Вячеслав: Все мы разные. У некоторых людей центры страха очень яркие еще с самого детства. Или, как говорят физиологи, центры пассивно-оборонительного поведения — не тогда, когда хочется напасть и разобраться с источником неприятностей, а когда хочется куда-то спрятаться, закрыться. Древнегреческий врач Гиппократ еще за несколько столетий до нашей эры разделил людей на холериков, меланхоликов, флегматиков и сангвиников. Меланхолики — это люди, у которых реакция страха и тревожности ярко выражена. Их мозг так сконфигурирован, что для них безопасность, связанная с тем, чтобы избежать чего-то, спрятаться, очень значима. У сангвиника главная кнопочка — это любопытство, у холерика — агрессия, преодоление препятствий, для флегматика — это комфорт, а для меланхолика — это безопасность. Яркие меланхолики, слава богу, редко встречаются, но компоненты меланхоличного темперамента у каждого в голове сидят.

Как раз яркие меланхолики боятся чего угодно. В свое время еще Иван Петрович Павлов говорил, что ярко выраженные меланхолики — это поставщики психиатрических клиник. Такой человек может столкнуться с затяжной тревожностью, депрессией. Что с этим делать? Надо осознать, что вам достался именно такой мозг, и потихоньку на осознанном уровне с этим справляться. Помогает психотерапия, если вы сами не справляетесь, ну а в тяжелых случаях помогают успокаивающие таблетки, транквилизаторы. Но таблетки — это последняя линия обороны, их ведь пожизненно принимать не очень хорошо. На самом деле, надо каждый раз конкретно выяснять, чего боимся, и очень конкретно разбираться.
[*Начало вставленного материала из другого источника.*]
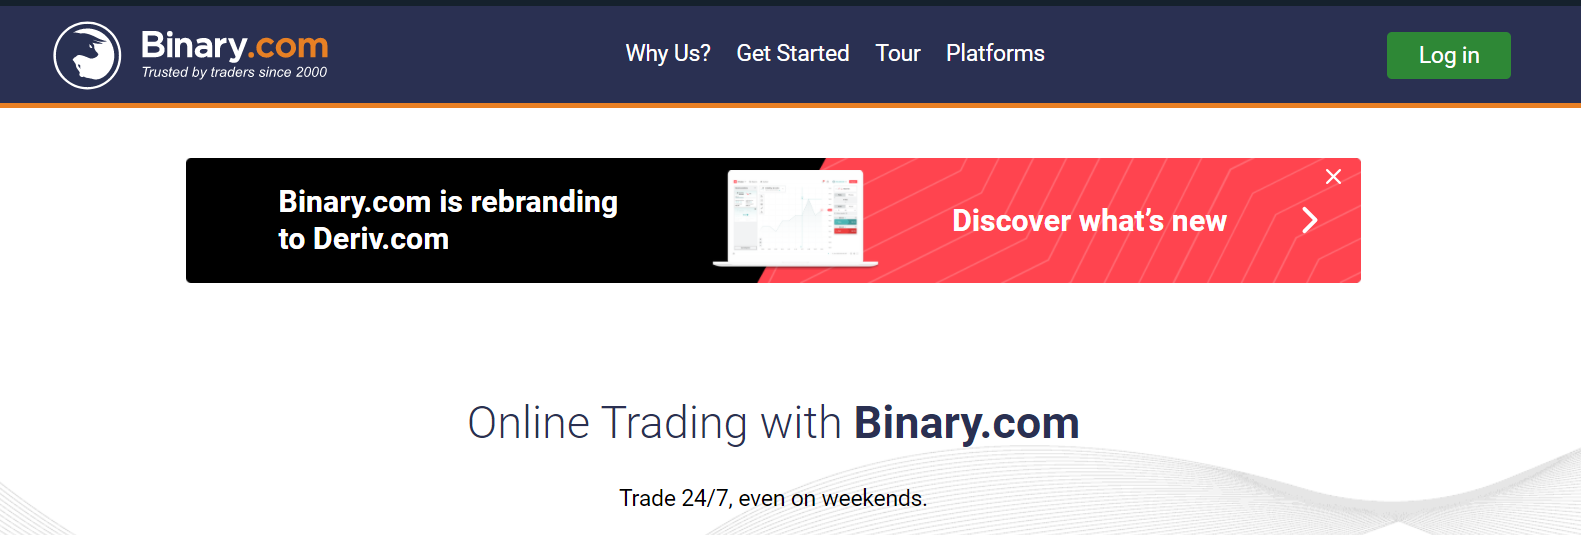 Binary.com Review - Account

Катя: В целом со страхом справиться можно, если это боязнь в моменте, а не какая-то фобия?

Вячеслав: С боязнью в моменте действительно можно справиться относительно легко. Надо просто переключить мозг на какое-то другое занятие, дыхательную гимнастику, например, считать вдохи и выдохи. Страх в моменте — да, это состояние, которое почти всегда более или менее управляемое. Например, вам предложили прокатиться на американской горке. Вы понимаете, что это классно, но когда вы подходите и видите, как их поднимают сначала на высоту 15 этажей, а потом сбрасывают вниз, да еще и крутят в мертвой петле, вам, конечно, хочется убежать. Этот страх момента надо как-то преодолеть, например, задуматься о чем-то очень важном, неотложном, вплоть до смысла жизни, главное — утащить свою нервную систему в какую-то другую проблему. Или действительно просто задержать дыхание. Вот сколько можете не дышать — столько и не дышите. Мозг тут же отвлечется, потому что дыхание — это по-настоящему важно. И вот вы уже сидите в кабинке на этой американской горке, деваться некуда, вас затягивает на высоту 15-го этажа, это тот самый момент паники и страха. Здесь можно просто закрыть глаза и отвлекать себя, щипать пальцы. А дальше уже можно открыть глаза и орать изо всех сил, через две минуты все закончится, и вы ощутите, как вы круты, потому что в мозгу выделится много адреналина и норадреналина, и дальше вы будете долго это вспоминать и гордиться собой, потому что преодоление страха — это то, на чем дальше можно базировать свое поведение: «Я однажды это смог». Если вы через это перешагнули, дальше вы с этим видом страха будете справляться более успешно. Поэтому очень важно, чтобы кто-то помог нам преодолеть конкретный вид страха. Есть же методика — десенситизация. Боишься змей — «А давай мы тебе сначала подарим плюшевую змейку, ты с ней будешь обниматься, а потом резиновую — она уже ближе к настоящей, но тоже не кусается. А вот смотри, настоящая змея, но она далеко, она тебя не укусит, какая милая, посмотри».

Катя: А такое вообще нужно делать?

Вячеслав: Ну, если вам необходимо работать со змеями, тогда да.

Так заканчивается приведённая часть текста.